[Supplied records]
● ● ● ●

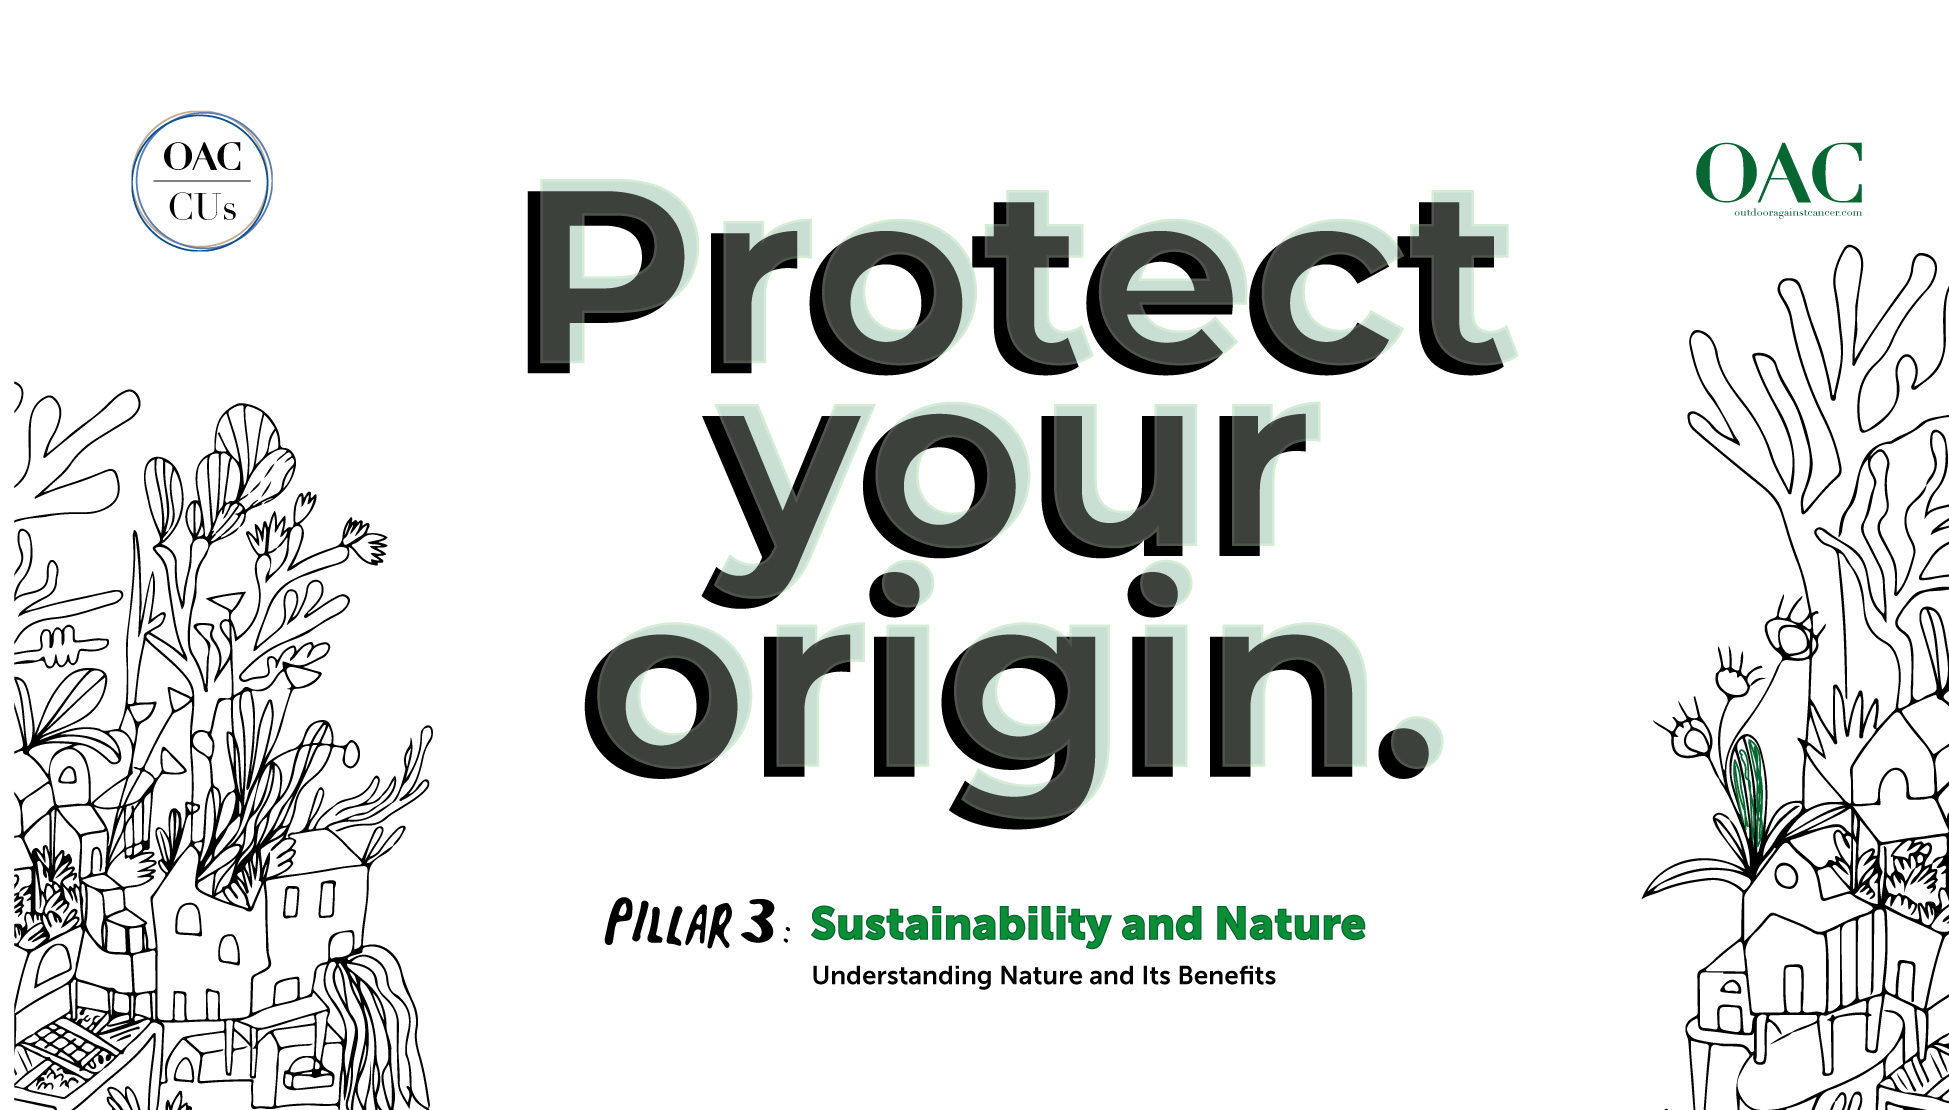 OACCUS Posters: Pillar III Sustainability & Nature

● ● ● ●

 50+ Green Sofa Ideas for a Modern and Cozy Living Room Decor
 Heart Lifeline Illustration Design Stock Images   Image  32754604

● ● ● ●

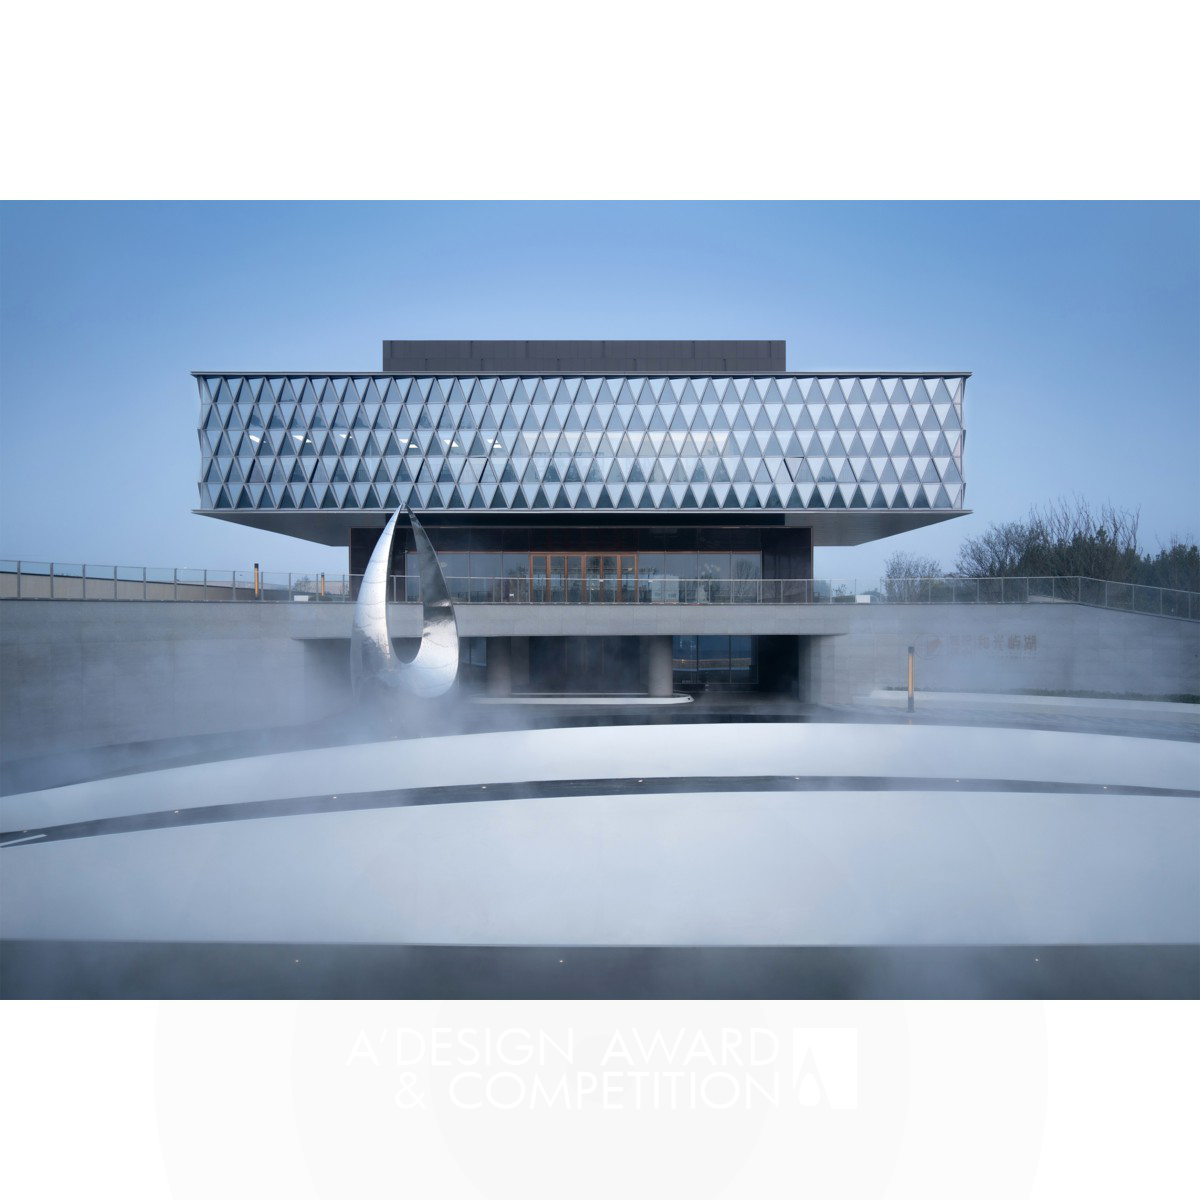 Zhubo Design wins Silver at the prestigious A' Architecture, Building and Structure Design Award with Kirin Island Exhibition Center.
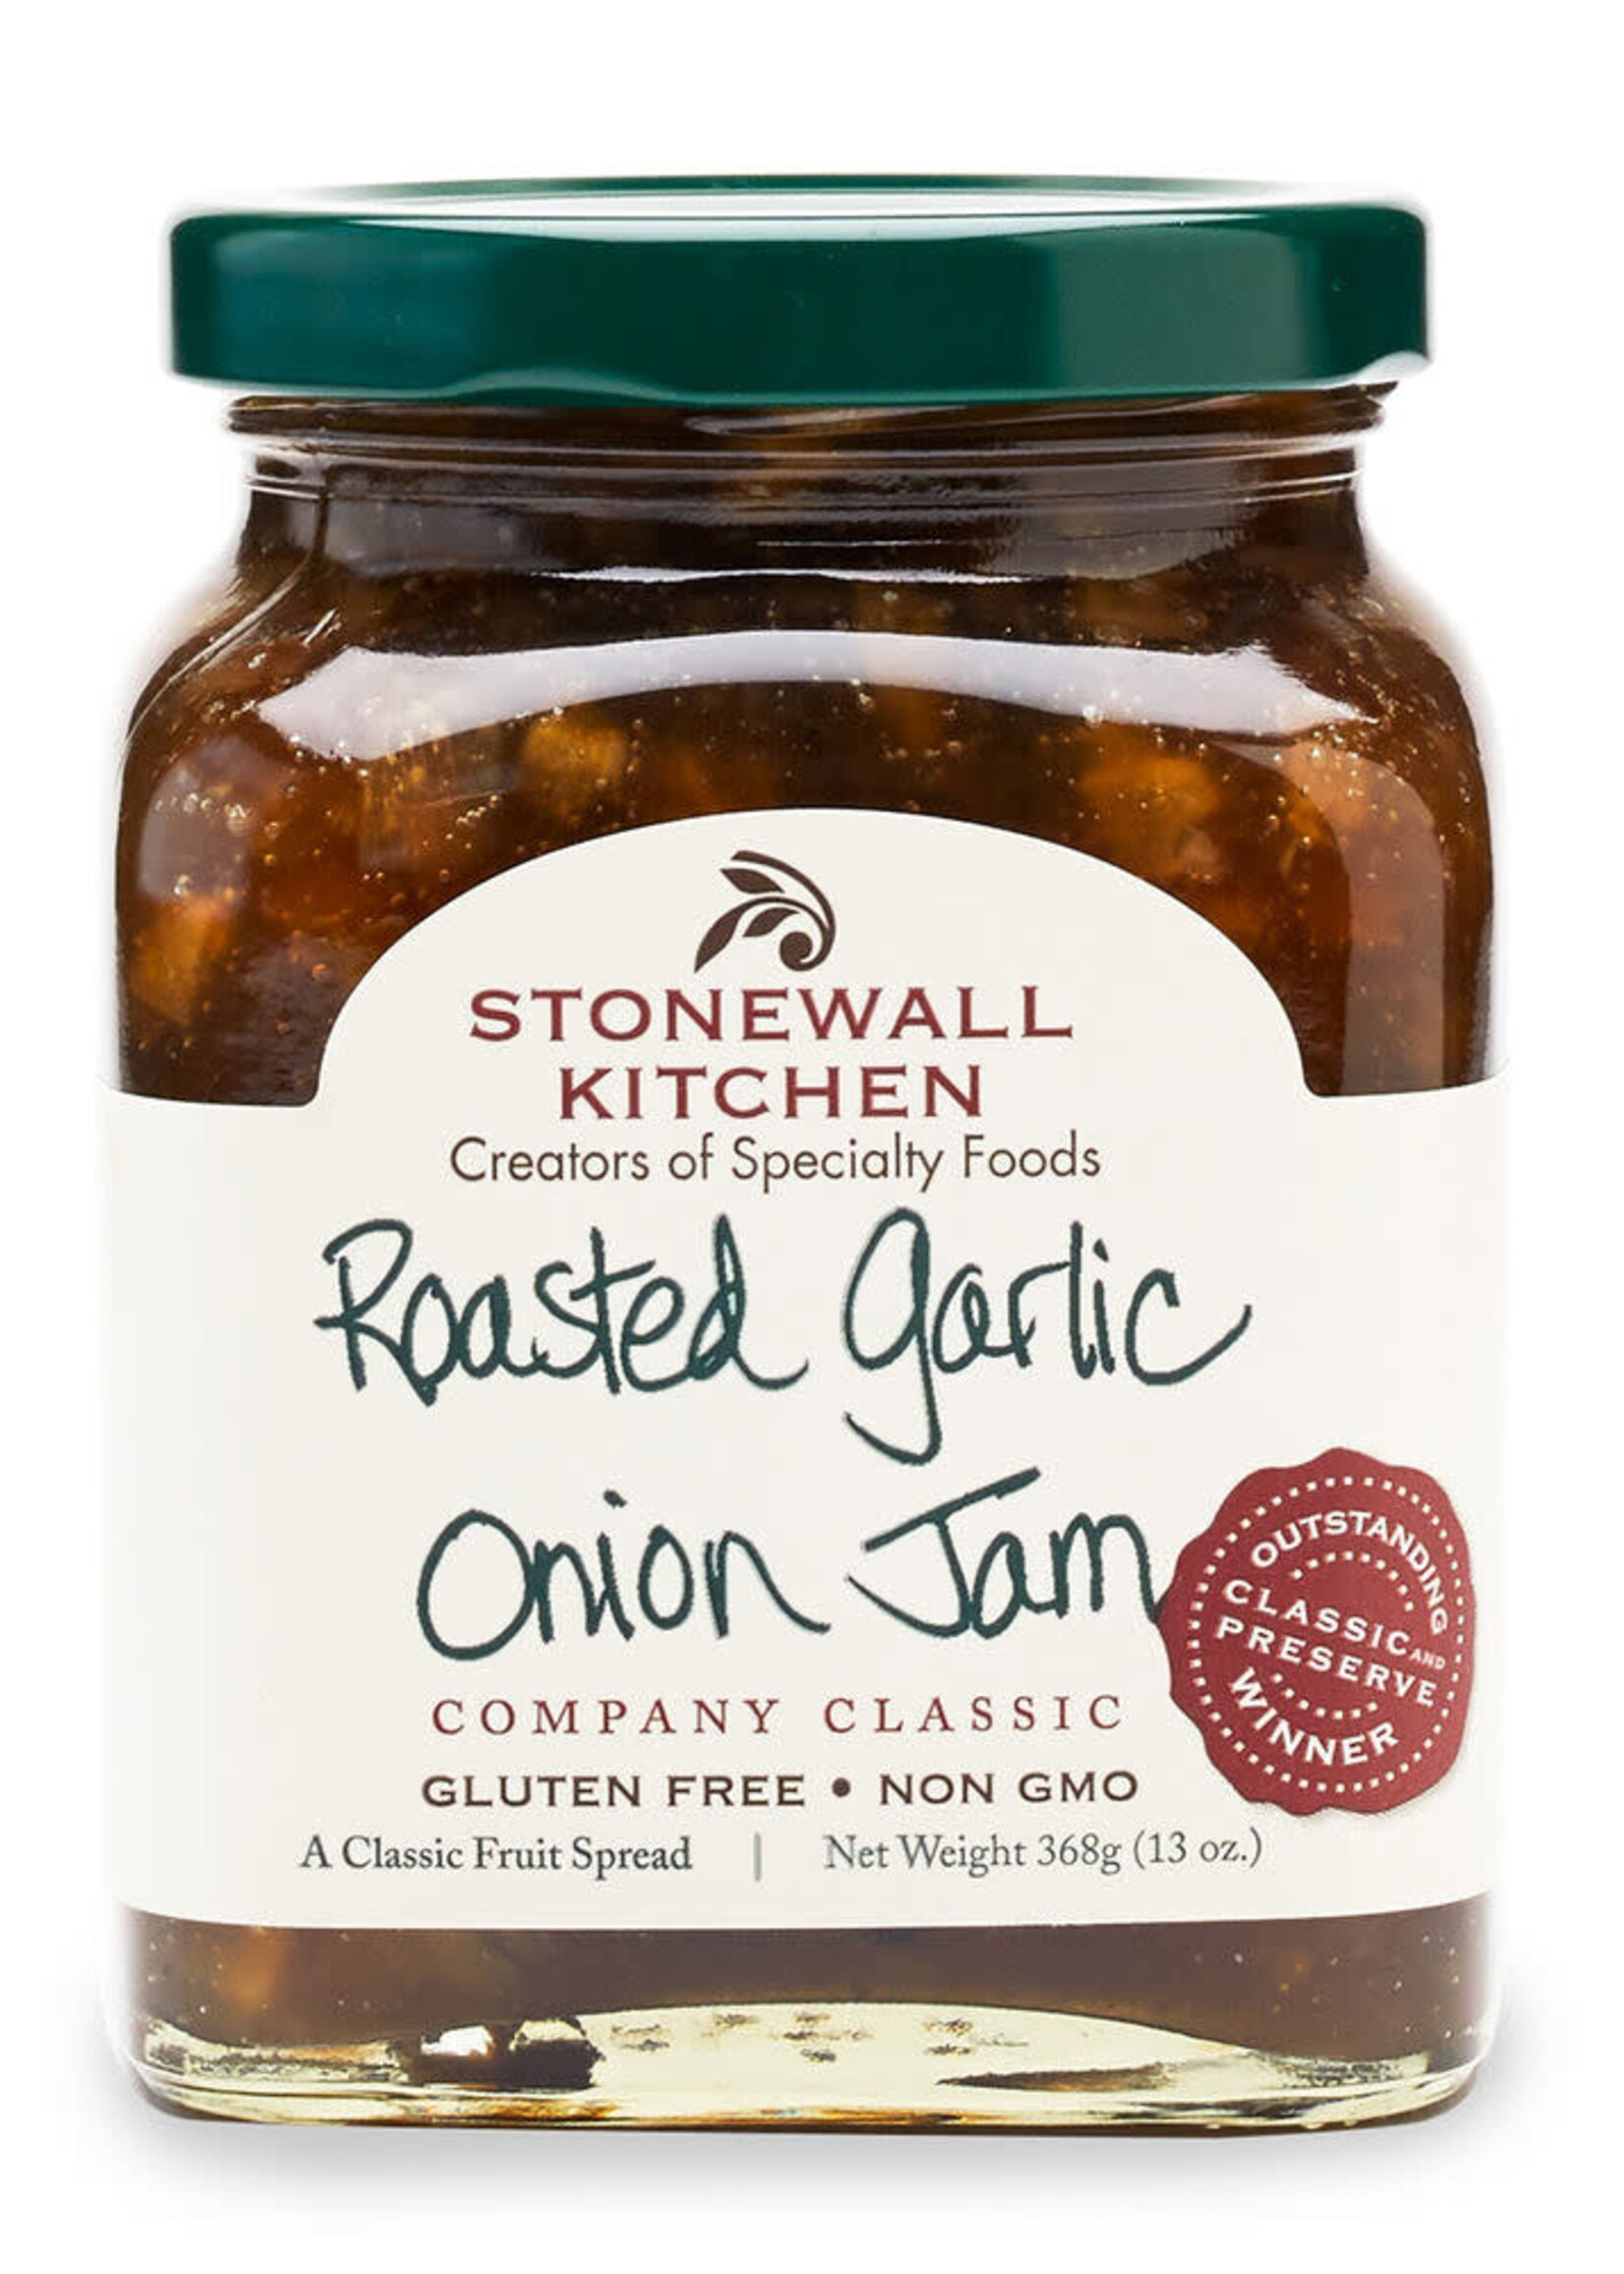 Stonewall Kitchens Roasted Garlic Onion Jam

● ● ● ●

[Exercise description]
The answer is those lines of the material above that run from the one containing "Zhubo Design wins" up to and including the one containing "Stonewall Kitchens Roasted Garlic Onion Jam", restated exactly and without images.

[Result for this exercise]
 Zhubo Design wins Silver at the prestigious A' Architecture, Building and Structure Design Award with Kirin Island Exhibition Center.
 Stonewall Kitchens Roasted Garlic Onion Jam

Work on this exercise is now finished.